Clinical characteristics and mortality data of the study patients are presented in Table 1 . Patient characteristics were similar between the 2 groups with the exception of BNP level, which was significantly higher in the nonsurvivors versus survivors. ROC curve analysis indicated the cut-off value for BNP to be 201.8 pg/dl (sensitivity, 67%; specificity, 35%; AUC = 0.697; 95% CI: 0.608–0.787; p <0.001). No patient experienced chest pain or ischemic ST changes or serious arrhythmia during exercise testing. Respiratory exchange ratio as one endpoint of exercise testing was not significantly different between survivors and nonsurvivors (1.2 ± 0.6 vs 1.2 ± 0.8; p = 0.261).
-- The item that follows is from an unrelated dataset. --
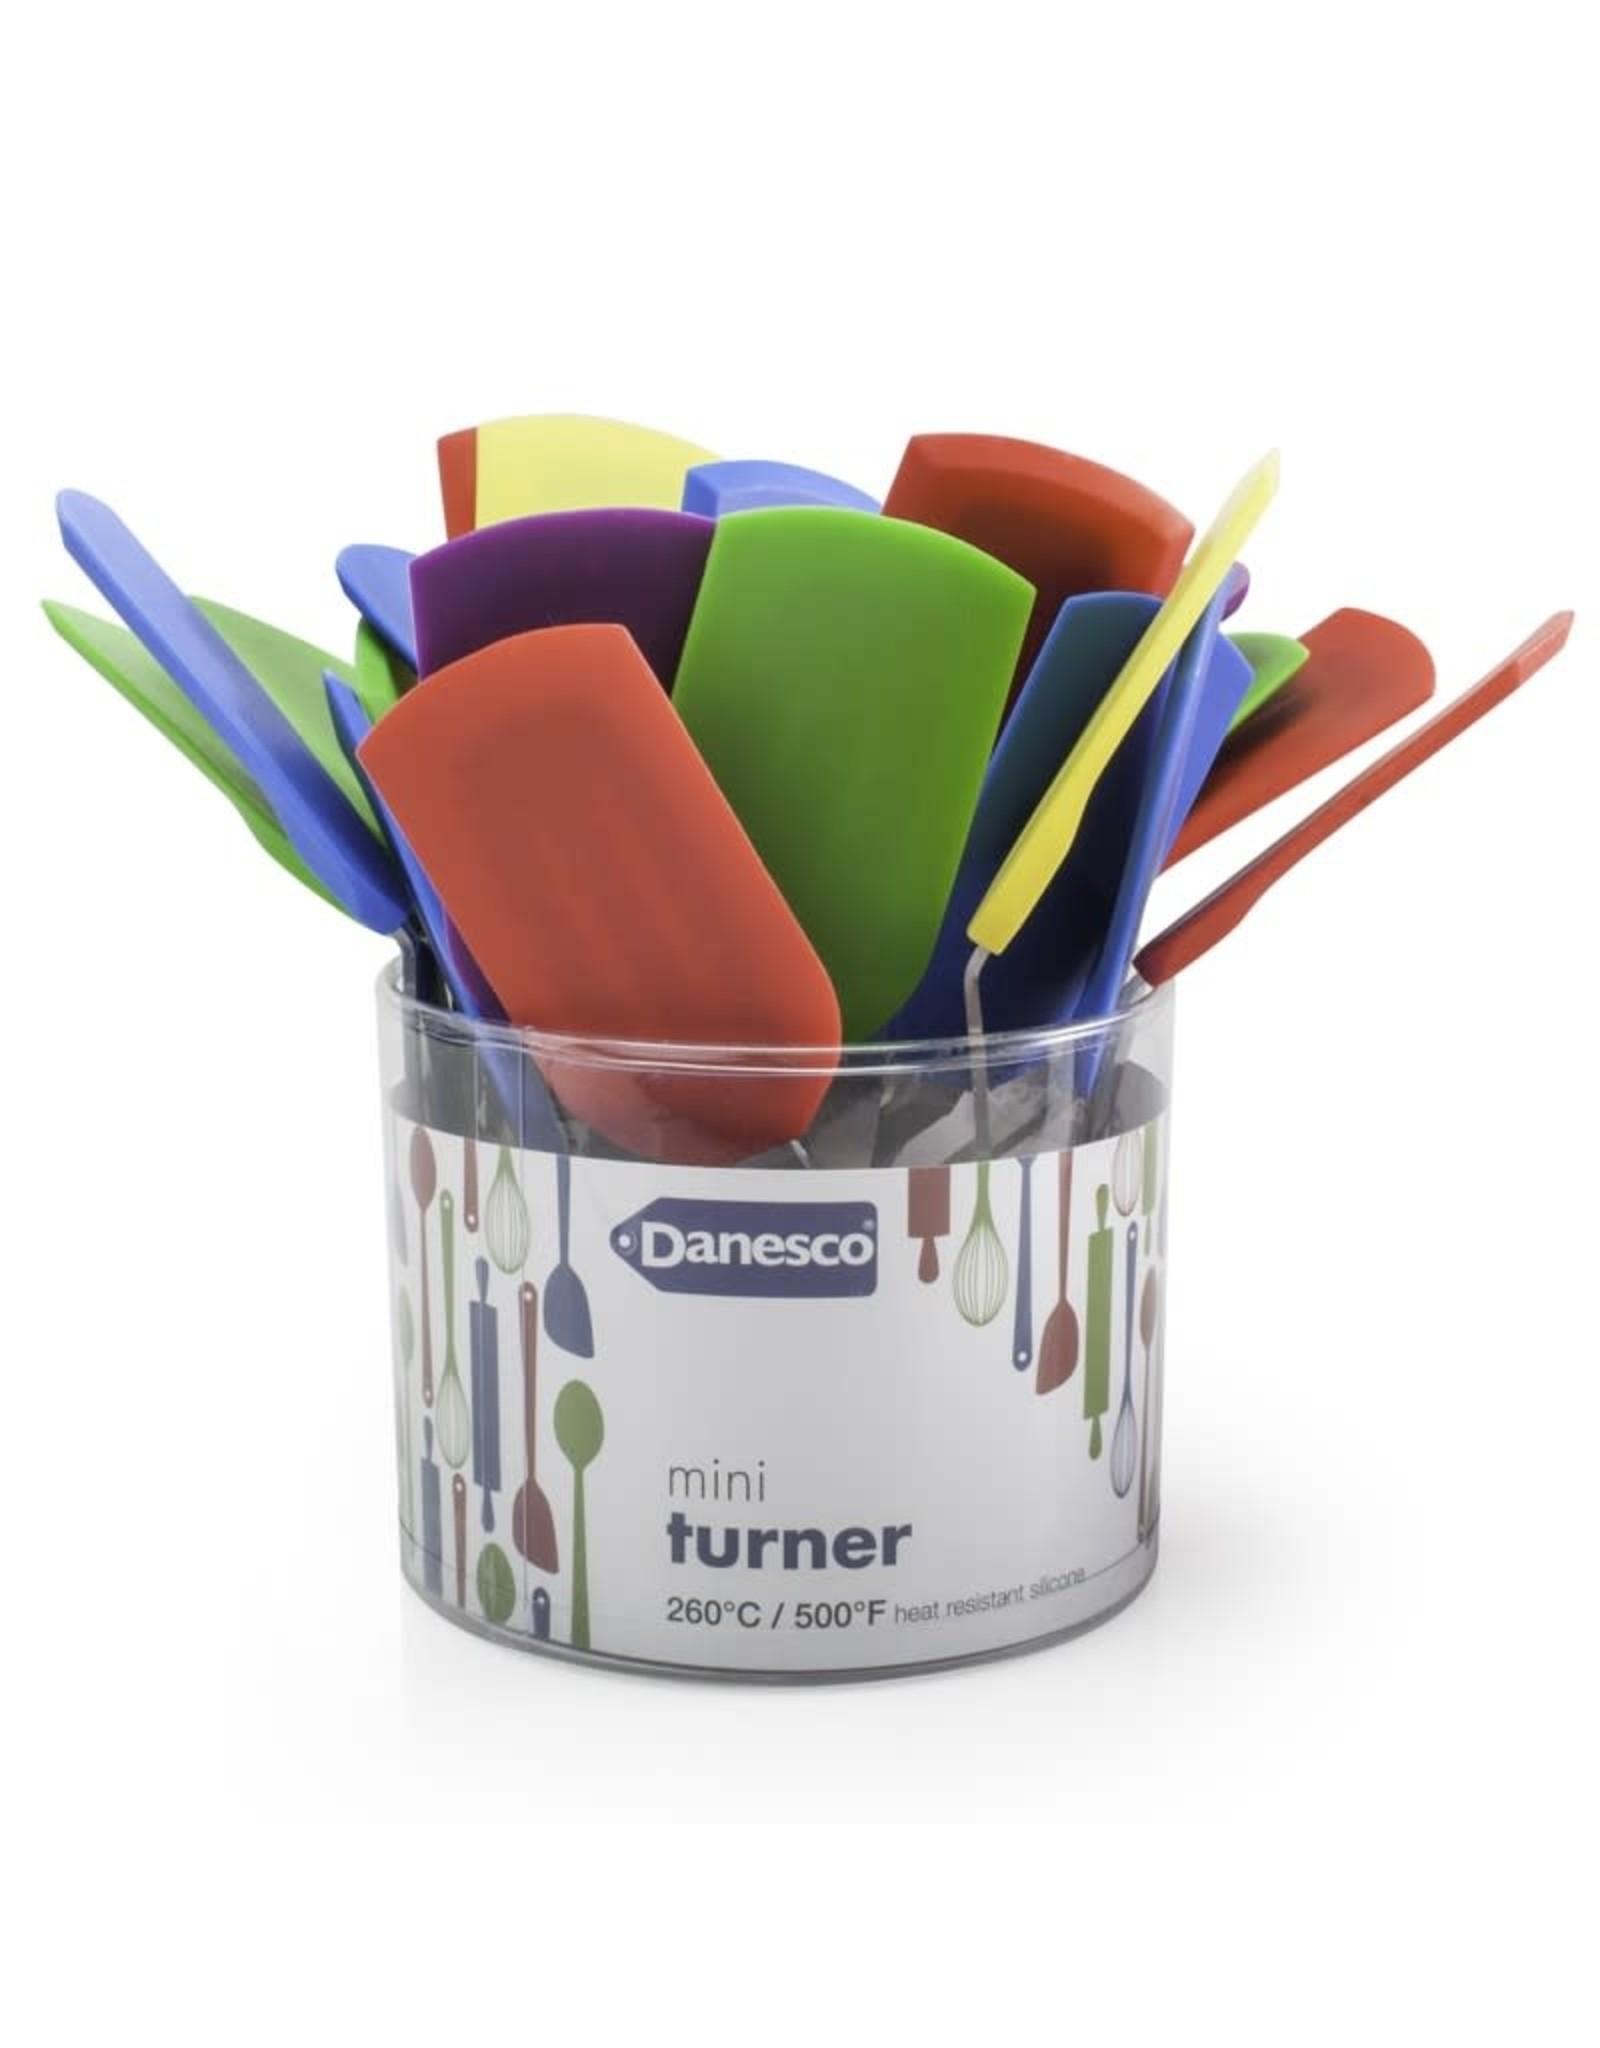 Danesco Danesco - Mini Turner

Mortality in relation to peak VO 2 , VE/VCO 2 slope, and PA in the HF outpatients is shown in Table 2 . Peak VO 2 was significantly lower, and VE/VCO 2 slope significantly higher, in the nonsurvivors than the survivors. The cut-off value for peak VO 2 by ROC curve analysis was 15.6 ml/min/kg (sensitivity, 72%; specificity, 49%; AUC = 0.711; 95% CI: 0.621–0.798; p <0.001), and that for VE/VCO 2 slope was 33.7 (sensitivity, 73%; specificity, 45%; AUC = 0.671; 95% CI: 0.580–0.762; p <0.001). Step count (PA) was significantly lower in the nonsurvivors than survivors. ROC curve analysis identified a cut-off value of 4,889.4 steps/day as the optimal predictor of mortality, with a sensitivity of 72% and 1-specificity of 37% (AUC = 0.742; 95% CI: 0.671–0.800; p <0.001) for the prediction of survival time ( Figure 1 ).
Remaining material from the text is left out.